- GIVEN DATA

● ● ● ● ●

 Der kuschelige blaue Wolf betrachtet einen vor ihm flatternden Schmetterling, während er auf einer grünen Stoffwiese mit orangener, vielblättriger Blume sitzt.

● ● ● ● ●

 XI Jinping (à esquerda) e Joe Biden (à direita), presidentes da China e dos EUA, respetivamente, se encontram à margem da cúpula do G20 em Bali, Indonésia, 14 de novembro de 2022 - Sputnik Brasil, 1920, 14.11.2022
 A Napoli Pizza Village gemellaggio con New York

● ● ● ● ●

- WHAT YOU SHOULD DO
Reproduce exactly the lines of the records above from the one with "XI Jinping (à" to the one with "A Napoli Pizza", both included, and leave out everything else.

- ANSWER AREA
 XI Jinping (à esquerda) e Joe Biden (à direita), presidentes da China e dos EUA, respetivamente, se encontram à margem da cúpula do G20 em Bali, Indonésia, 14 de novembro de 2022 - Sputnik Brasil, 1920, 14.11.2022
 A Napoli Pizza Village gemellaggio con New York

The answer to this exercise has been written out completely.